> _Work request_: Could you return, exactly as written, only the lines from the one holding "华府[2007]38号：关于印发五华县县城市容和环境综合管理规定的通知" through the final line of the records below?

> _Task inputs_:
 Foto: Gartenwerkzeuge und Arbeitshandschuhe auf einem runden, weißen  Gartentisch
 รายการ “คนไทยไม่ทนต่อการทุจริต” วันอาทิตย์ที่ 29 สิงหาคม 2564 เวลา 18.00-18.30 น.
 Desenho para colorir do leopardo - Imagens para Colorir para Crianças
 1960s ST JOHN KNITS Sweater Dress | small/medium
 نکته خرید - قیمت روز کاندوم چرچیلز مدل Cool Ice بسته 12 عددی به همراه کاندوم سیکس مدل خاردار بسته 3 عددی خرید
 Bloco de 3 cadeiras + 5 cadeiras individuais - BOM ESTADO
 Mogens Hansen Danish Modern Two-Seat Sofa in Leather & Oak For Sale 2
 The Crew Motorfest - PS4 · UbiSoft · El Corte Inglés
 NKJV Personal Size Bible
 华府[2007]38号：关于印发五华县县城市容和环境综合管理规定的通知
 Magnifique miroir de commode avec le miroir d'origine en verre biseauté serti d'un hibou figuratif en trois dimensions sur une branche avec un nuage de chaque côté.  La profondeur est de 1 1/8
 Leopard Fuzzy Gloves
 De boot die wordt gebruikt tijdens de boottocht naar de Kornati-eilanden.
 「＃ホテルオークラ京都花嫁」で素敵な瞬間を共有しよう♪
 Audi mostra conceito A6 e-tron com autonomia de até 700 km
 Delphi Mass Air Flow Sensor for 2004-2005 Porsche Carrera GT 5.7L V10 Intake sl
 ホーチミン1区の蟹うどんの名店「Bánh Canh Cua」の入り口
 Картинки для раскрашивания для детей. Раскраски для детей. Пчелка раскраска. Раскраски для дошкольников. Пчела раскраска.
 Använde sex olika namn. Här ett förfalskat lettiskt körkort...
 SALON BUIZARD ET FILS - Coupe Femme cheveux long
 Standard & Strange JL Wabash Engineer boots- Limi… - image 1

> _Result of this task_:
 华府[2007]38号：关于印发五华县县城市容和环境综合管理规定的通知
 Magnifique miroir de commode avec le miroir d'origine en verre biseauté serti d'un hibou figuratif en trois dimensions sur une branche avec un nuage de chaque côté.  La profondeur est de 1 1/8
 Leopard Fuzzy Gloves
 De boot die wordt gebruikt tijdens de boottocht naar de Kornati-eilanden.
 「＃ホテルオークラ京都花嫁」で素敵な瞬間を共有しよう♪
 Audi mostra conceito A6 e-tron com autonomia de até 700 km
 Delphi Mass Air Flow Sensor for 2004-2005 Porsche Carrera GT 5.7L V10 Intake sl
 ホーチミン1区の蟹うどんの名店「Bánh Canh Cua」の入り口
 Картинки для раскрашивания для детей. Раскраски для детей. Пчелка раскраска. Раскраски для дошкольников. Пчела раскраска.
 Använde sex olika namn. Här ett förfalskat lettiskt körkort...
 SALON BUIZARD ET FILS - Coupe Femme cheveux long
 Standard & Strange JL Wabash Engineer boots- Limi… - image 1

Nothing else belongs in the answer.